Authorities are looking for a flight attendant who fled LAX Friday night, leaving behind 60 pounds of cocaine and Gucci shoes (as one does).
Flight attendants and pilots can become Known Crewmembers, where they don’t have to go through normal security screening to enter the secure area. Instead they just enter through the typical TSA exit, and have to present two forms of identification. Of course they can also be subjected to extra screening, either randomly or because of suspicious behavior.
Known Crewmember checkpoint (photo credit: ALPA)
That’s exactly what happened at LAX Terminal 4 this past Friday night, as a flight attendant was about to take American flight 28 from Los Angeles to New York. Per NBC News:
Flight attendants and other crew members are not normally subjected to searches. But the suspect was pulled aside by Transportation Security Administration officers for a random screening in Terminal 4, the sources said.
The woman, who was not identified, appeared nervous and made a cellphone call in a language not recognized by officers, authorities told NBC News. She was then taken aside to a secondary screening area and asked for her employee identification.
Suddenly, she bolted from the screening location, running with her bags toward an escalator, authorities said. She jettisoned the luggage and her designer shoes and fled the terminal.
I’m not sure what exactly is suspicious about making a phone call in a language a TSA agent didn’t recognize (presumably anything other than English or Spanish), but the rest of it does seem a bit strange, like the flight attendant having two rollaboards.
It seems she didn’t think that through so well, since that is more than usual, and presumably would make the TSA more suspicious. While plenty of flight attendants have one rollaboard and then a few bags strapped onto it, two rollaboards seems unusual (though perfectly logical if you’re trying to transport 60 pounds of cocaine without breaking a sweat).
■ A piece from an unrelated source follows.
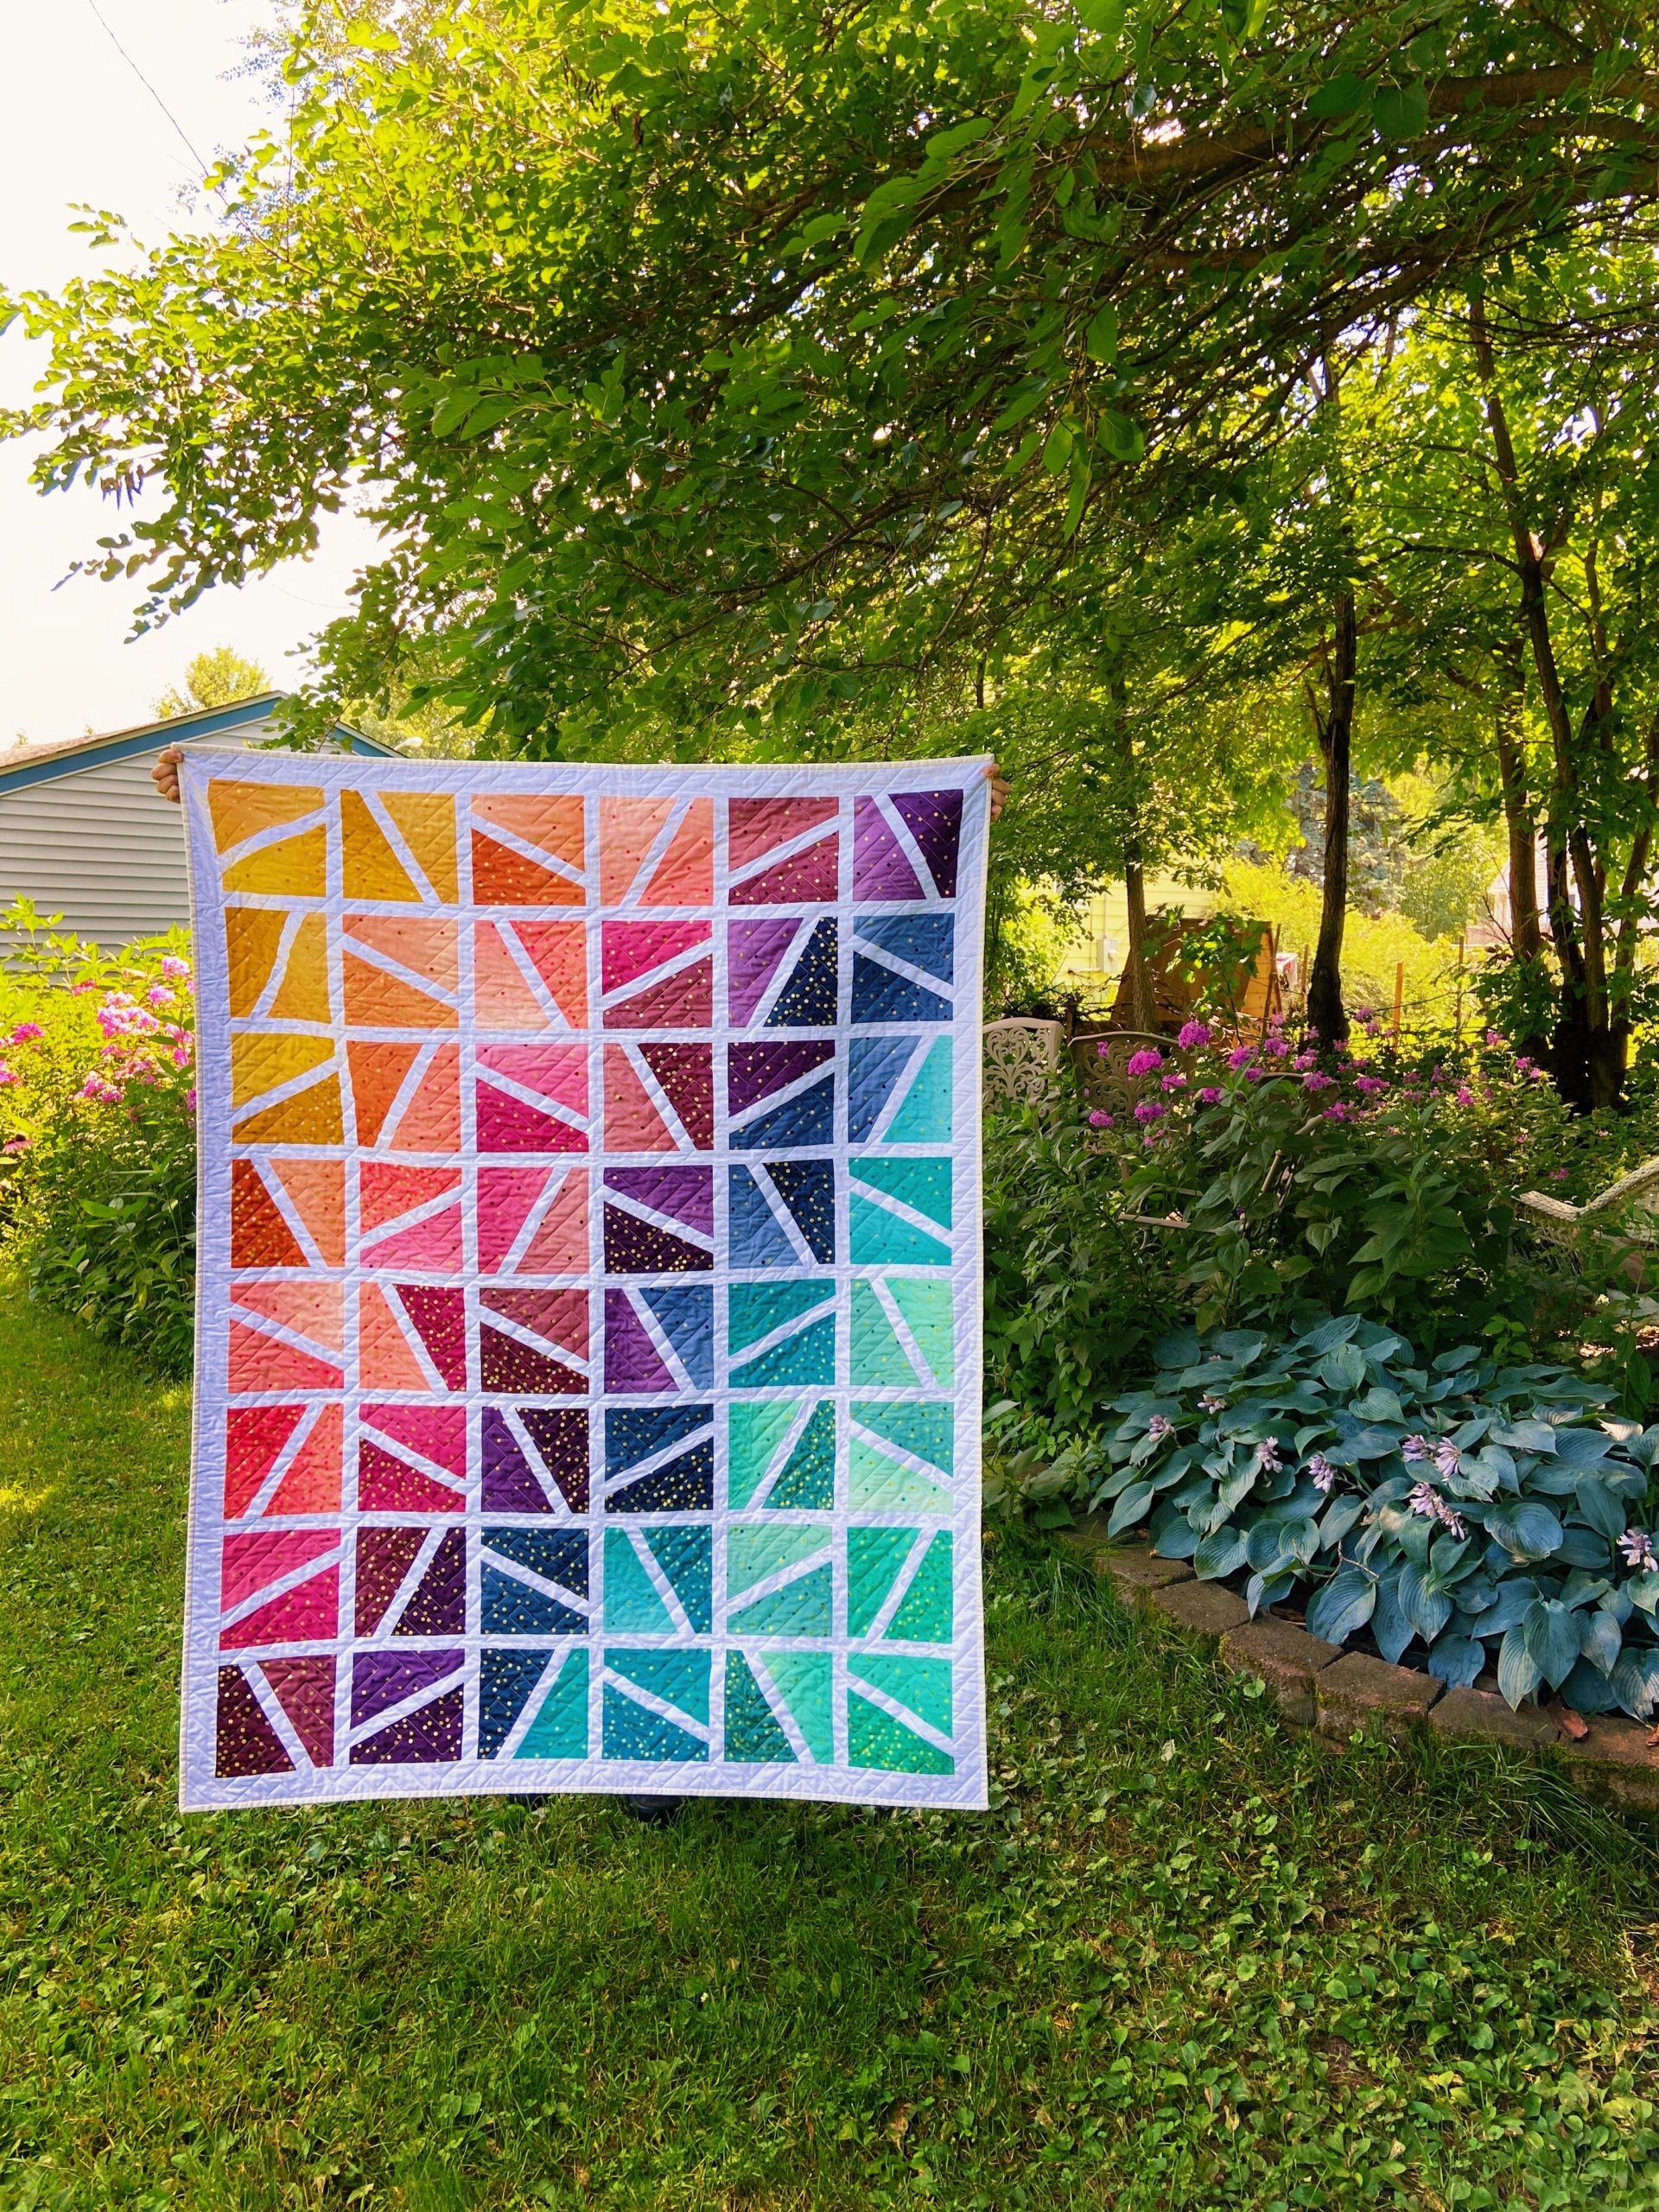 Unique geometric quilt designs by Kate Brown @ SparkleStash Designs - rainbow colored geometric design quilt

I also assume that authorities have info about her identity, given that she had to present ID to get through the checkpoint.
I wouldn’t be surprised to see flight attendants trying to smuggle on an international flight (where there’s presumably at least a lot of money in it for the person doing the carrying — maybe I’ve watched too many episodes of “Locked Up Abroad”), but 60 pounds of cocaine on a domestic flight? Sheesh!
There’s video footage of the incident, though it hasn’t been released to the public yet.